When using Django’s ORM as a basis for data harvesting (probably not the best idea in the first place, but sometimes it’s easier to go with what you know), I learned that Django isn’t exactly crazy fast when saving models to the database. Here are some stats on doing different things with Django to try to speed it up.
First, I wrote two methods and used cProfile to profile them. MyModel is a model with a single max_length=100 CharField.
def benchmark():
for i in range(1, 10000): x = MyModel(data=”Some Random Data”) x.save()
def benchmark_bulk():
items = [] for i in range(1, 10000): x = MyModel(data=”Some Random Data”) items.append(x)
MyModel.objects.bulk_create(items)
I used cProfile to profile these methods, using SQLite as the backing database. benchmark() took 14.87 seconds, and benchmark_bulk() took 0.400 seconds. Obvious improvement there by using bulk_create, but you can’t use FKs to link subrecords to the records, as the pk property of those objects will not get set.
When switching to MySQL: 8.09 seconds on benchmark() and 0.379 seconds on benchmark_bulk(). A little bit better — definitely better on benchmark, but not that much better when bulk inserting.
When switching to Postgres: 6.71 seconds on benchmark() and 0.385 seconds on benchmark_bulk(). Even faster on benchmark, but not any faster for bulk insertion. Bulk insertion may be effectively capped out on speed. The bulk_create method on query.py seems to take about .2 seconds no matter the backend.
Switching to Cassandra led to bulk_create not working, and benchmark() took 17.88 seconds! That wasn’t what I expected here! Looking at the profiler stats, it seems it spent 11.63 seconds in time.sleep(), so maybe I’m doing something wrong — subtracting these two gives 6.25 seconds, which is closer to what I’d expect.

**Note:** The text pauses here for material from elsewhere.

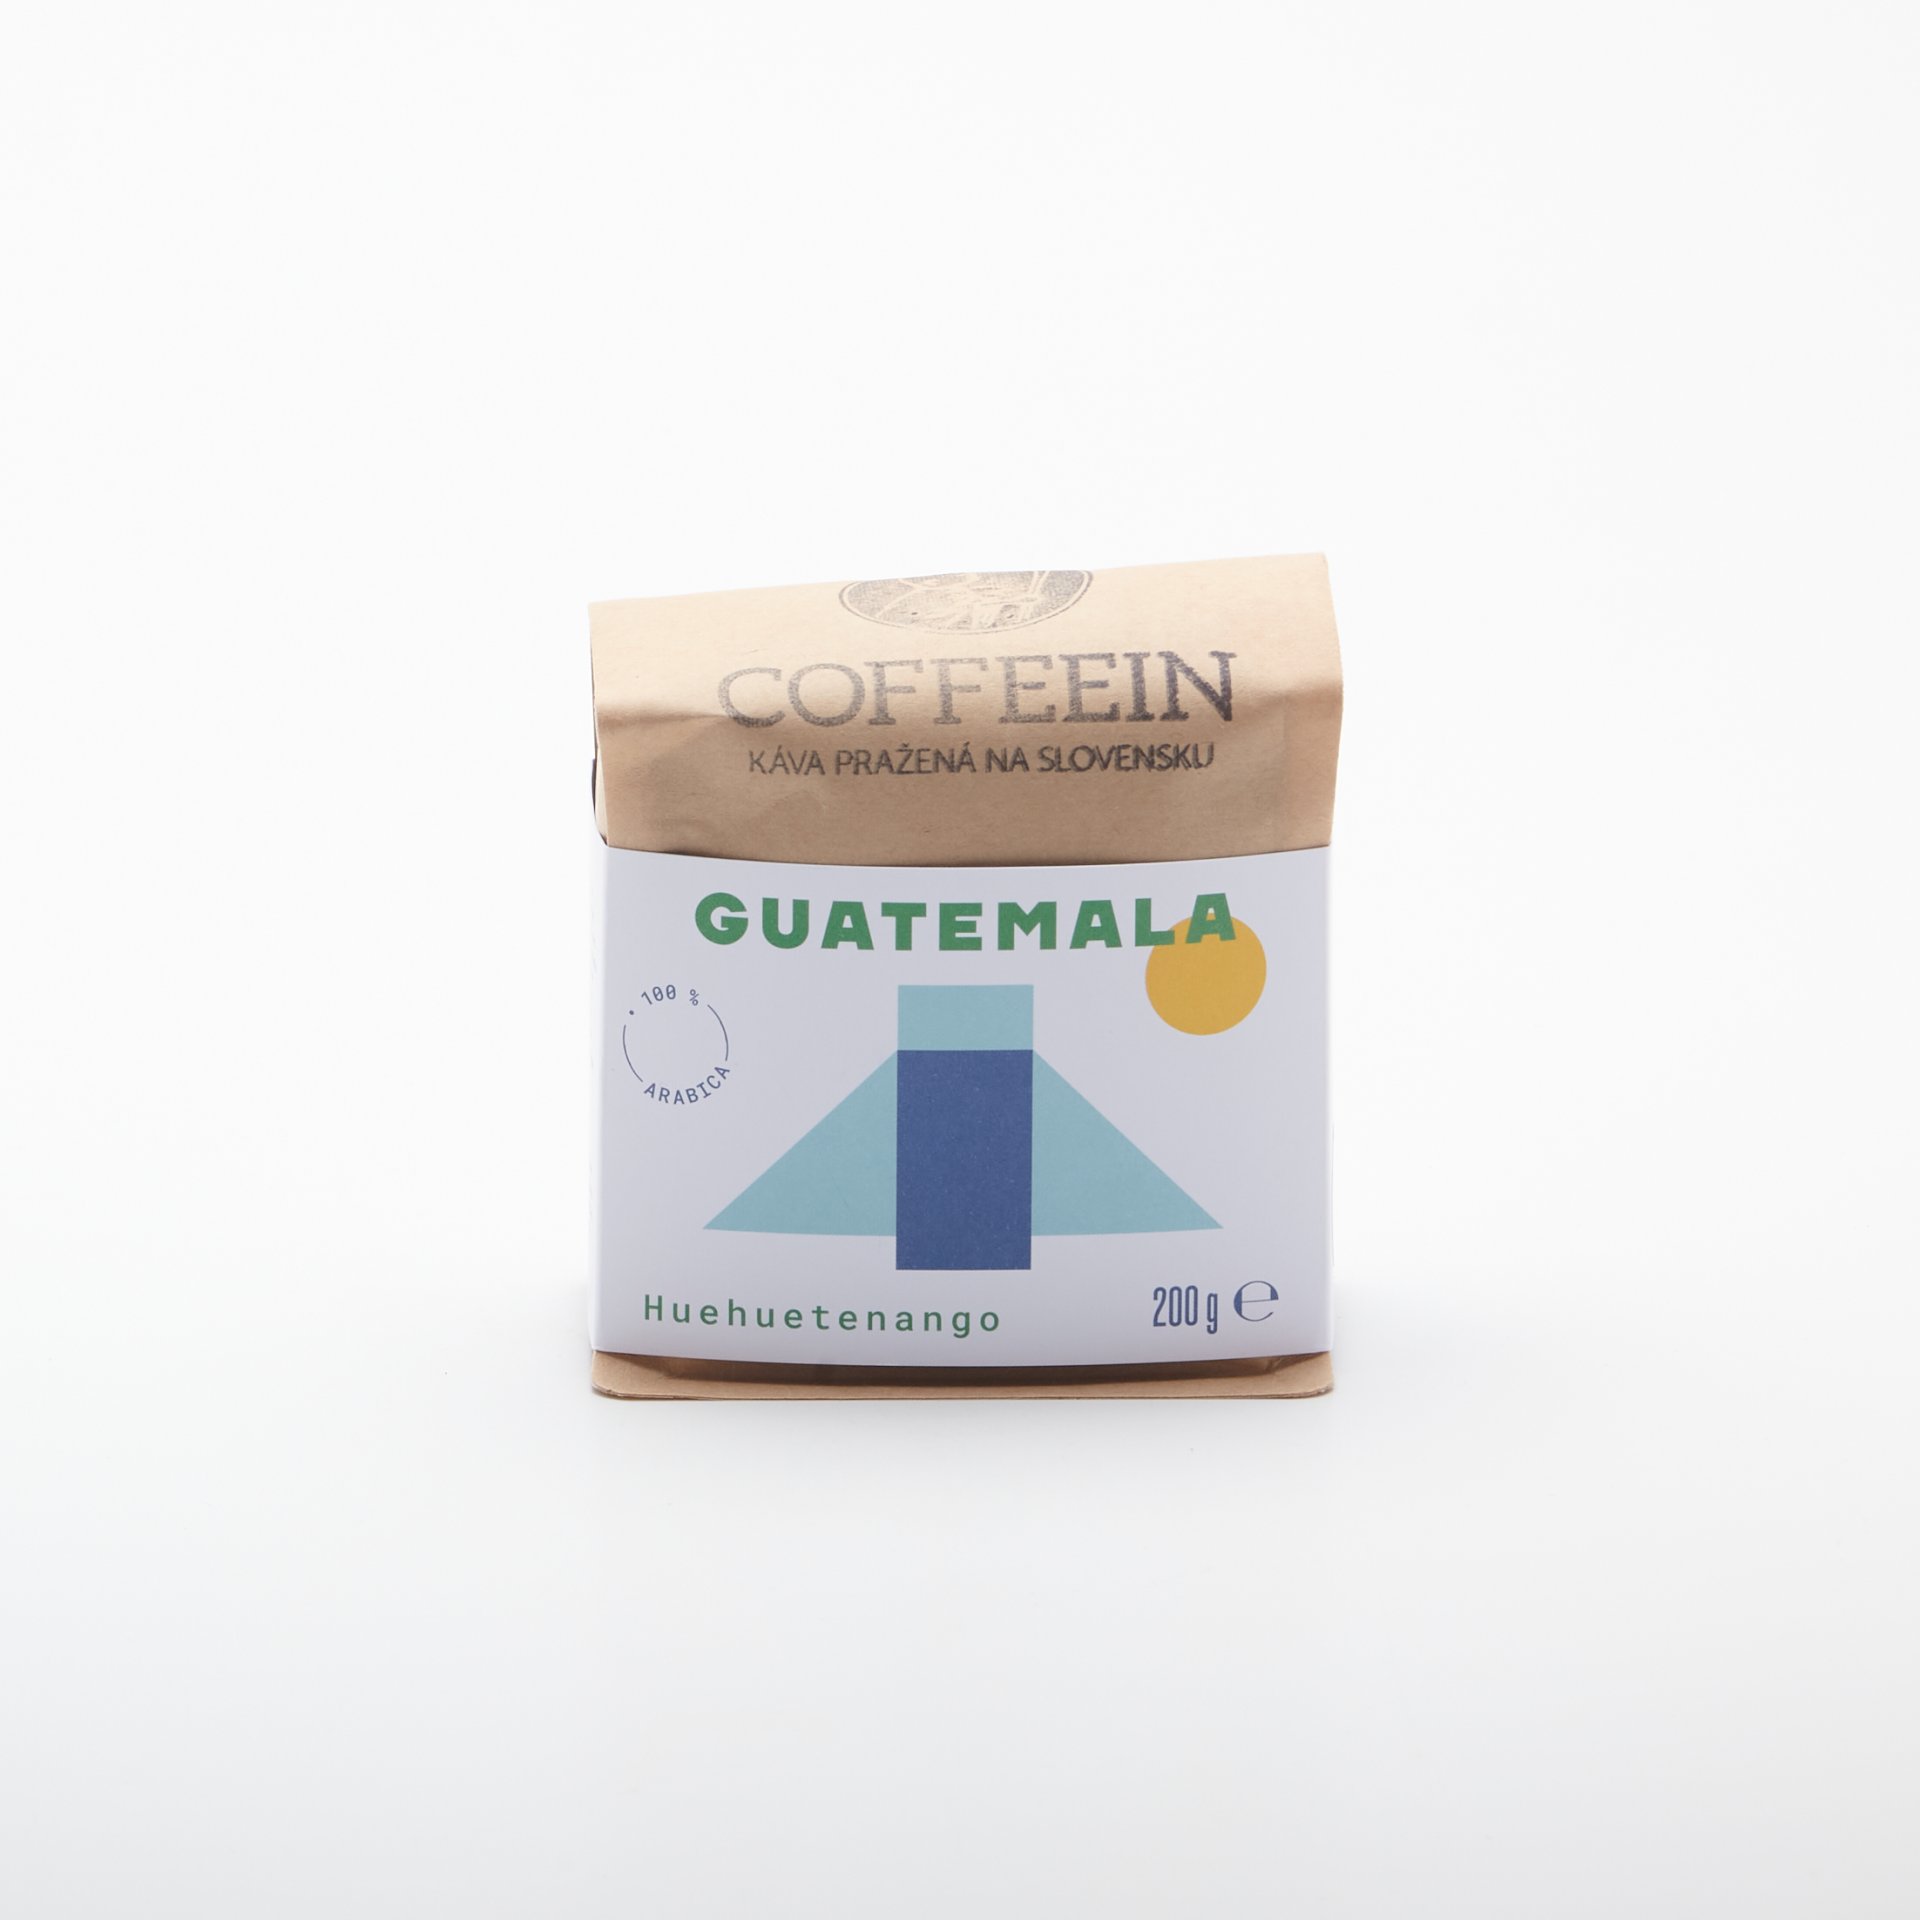 Coffeein Guatemala Huehuetenango 200g

Obviously the use cases here are very simple, but for simple model insertion speed, Postgres seems to win if you want a relational database and migrating to new software isn’t hard. If you don’t want to use Postgres (in our case, we like MySQL), or you need intense speedups, then modify your code to use bulk_create()!
I’ll make another post later this week or next week, with a more complicated, real-world data structure, and show how (likely) Cassandra would beat out both MySQL and Postgres for saving more complex models quickly, since we can eliminate FK relationships and save objects in a more NoSQL fashion. This comes at a querying and filtering cost, so I’ll examine those too!